[Opening Listed entries section]

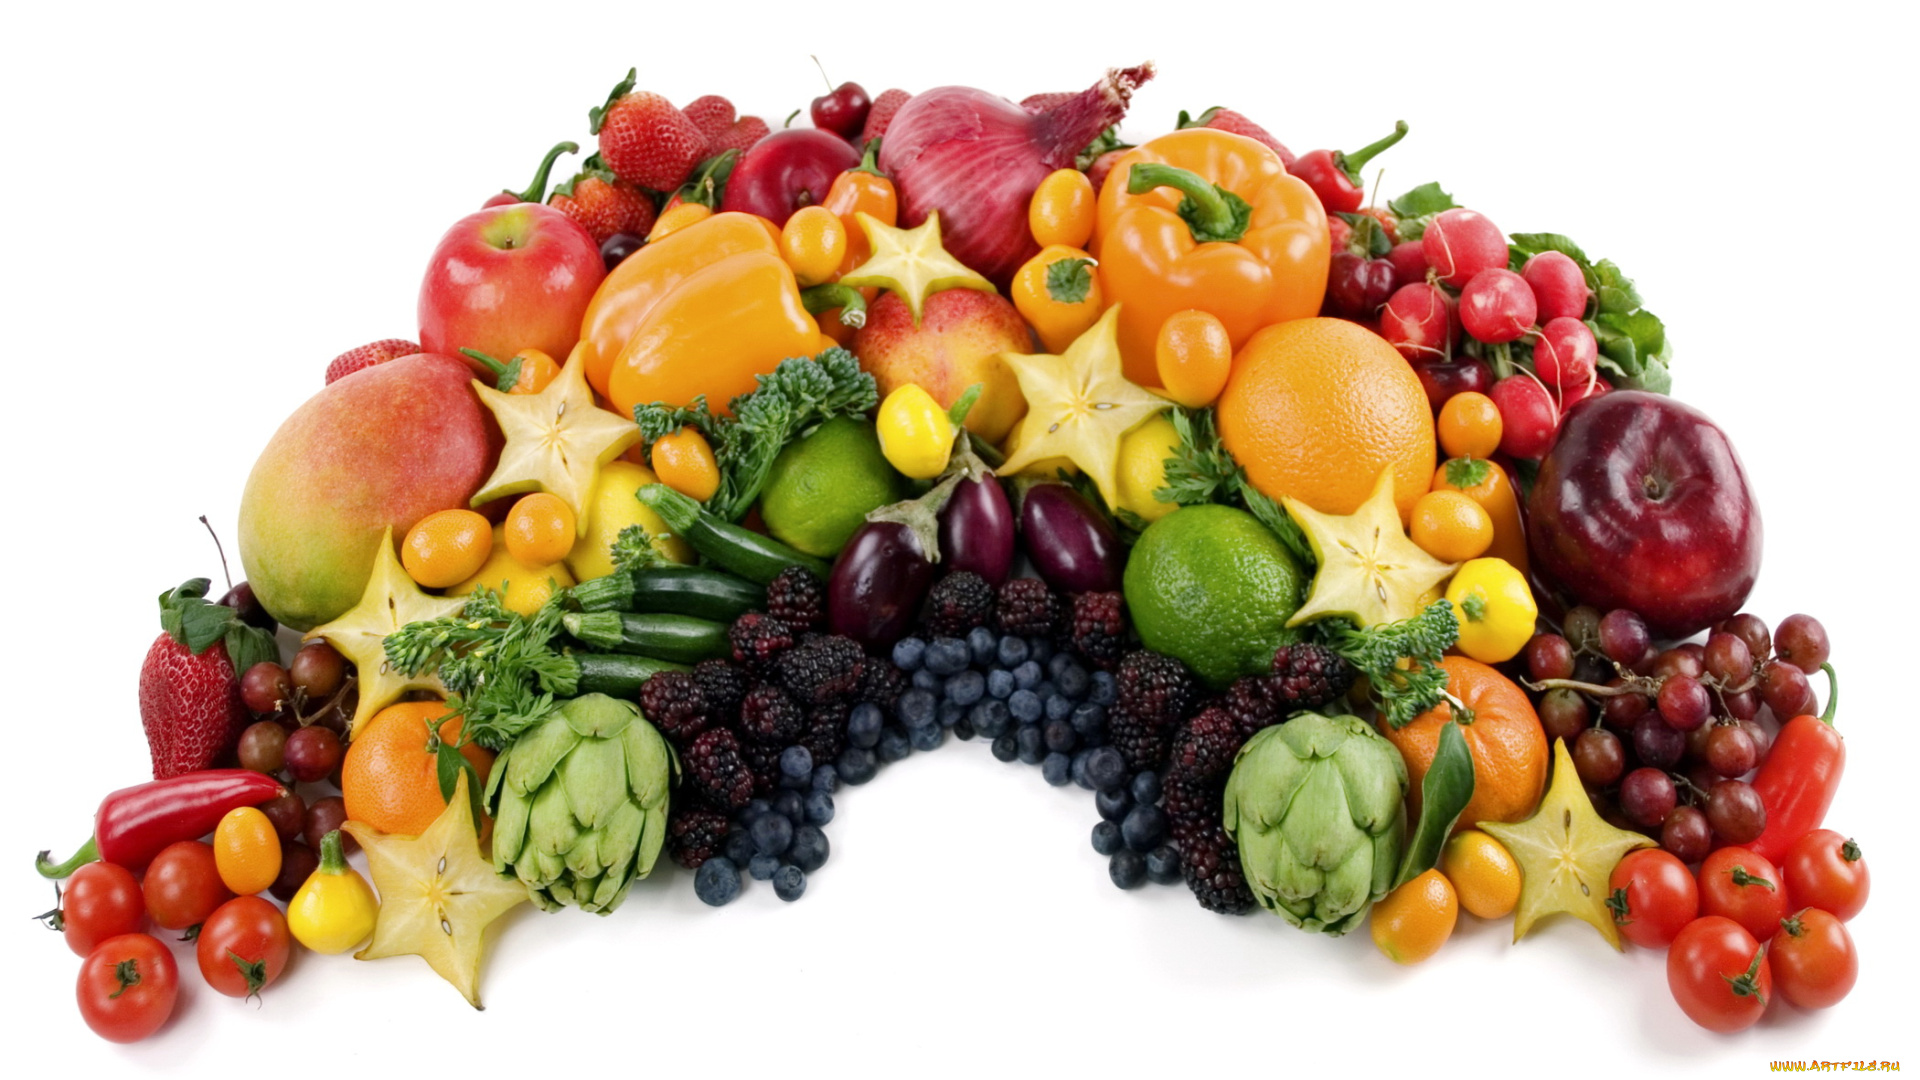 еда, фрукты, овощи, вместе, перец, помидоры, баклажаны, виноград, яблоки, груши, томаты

[Closing Listed entries section]
[Opening Listed entries section]

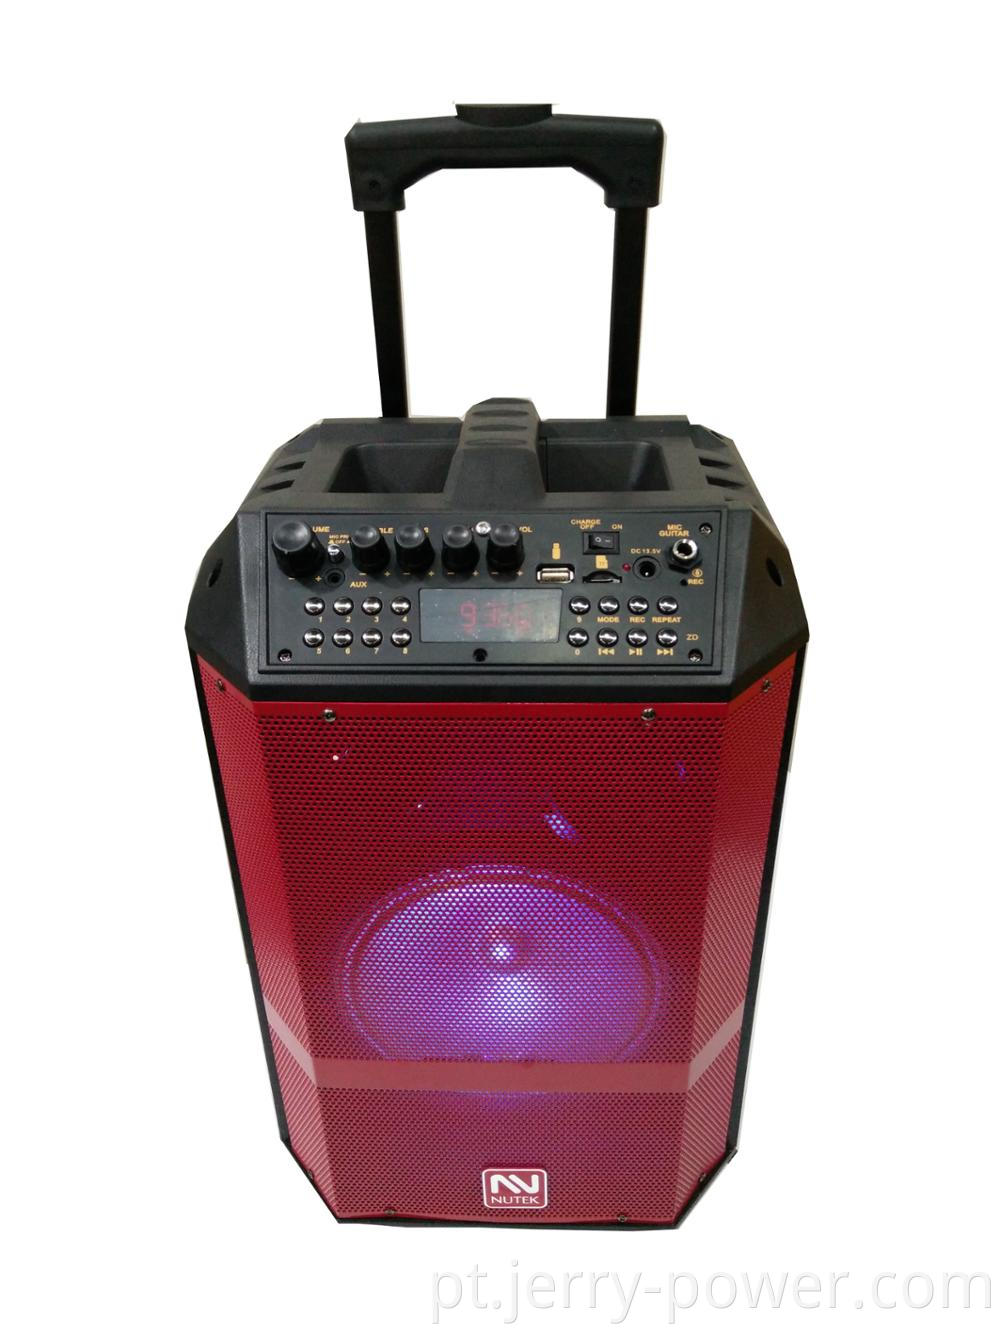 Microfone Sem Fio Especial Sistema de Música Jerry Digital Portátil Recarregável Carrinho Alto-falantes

[Closing Listed entries section]
[Opening Listed entries section]

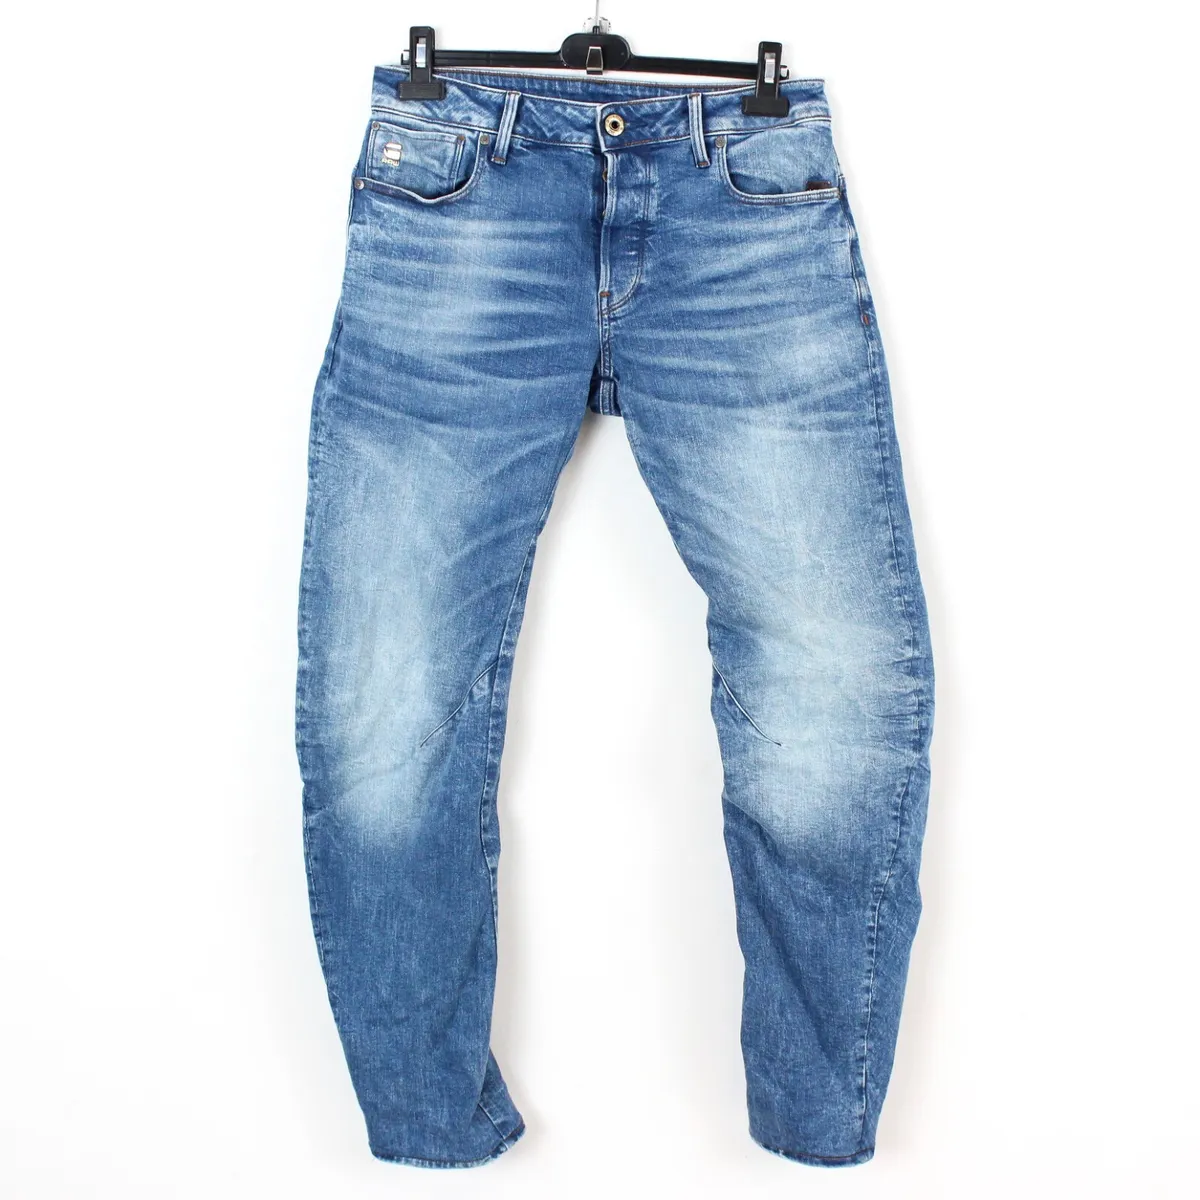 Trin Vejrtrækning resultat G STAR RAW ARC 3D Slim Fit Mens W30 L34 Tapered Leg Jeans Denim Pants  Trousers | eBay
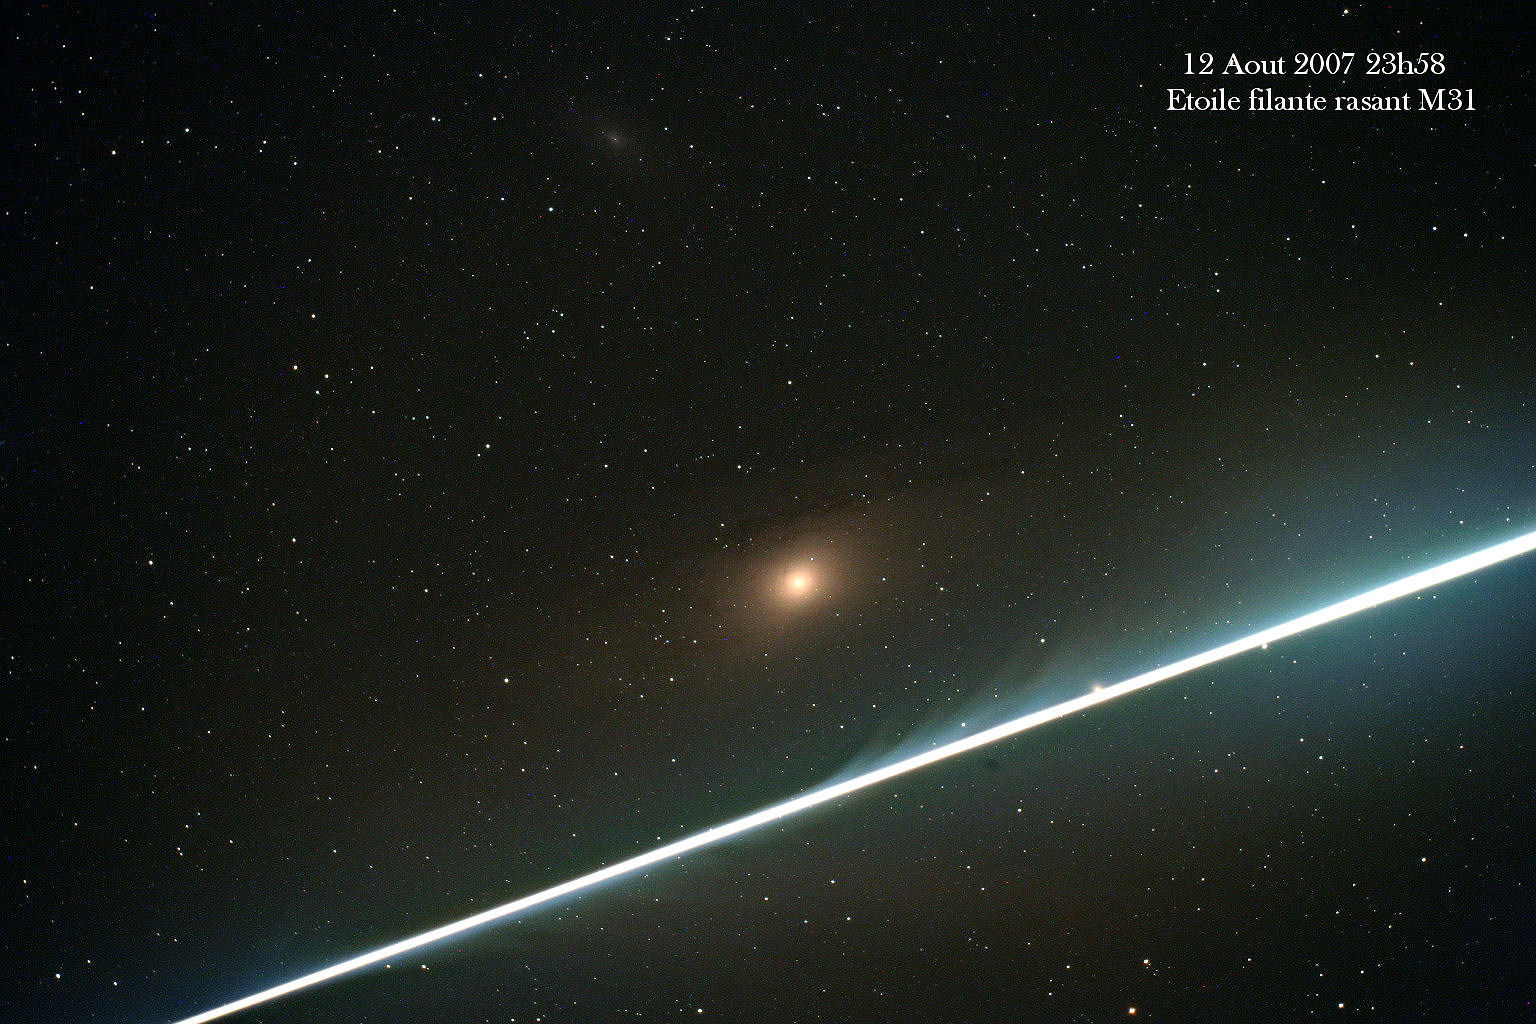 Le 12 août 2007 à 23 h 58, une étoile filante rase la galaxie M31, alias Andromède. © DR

[Closing Listed entries section]

**Directions for this task**: Transcribe only this stretch of the data: the line with "Trin Vejrtrækning resultat", the line with "Le 12 août 2007", and every line in between. Leave out the pictures.

**Your response**:
 Trin Vejrtrækning resultat G STAR RAW ARC 3D Slim Fit Mens W30 L34 Tapered Leg Jeans Denim Pants  Trousers | eBay
 Le 12 août 2007 à 23 h 58, une étoile filante rase la galaxie M31, alias Andromède. © DR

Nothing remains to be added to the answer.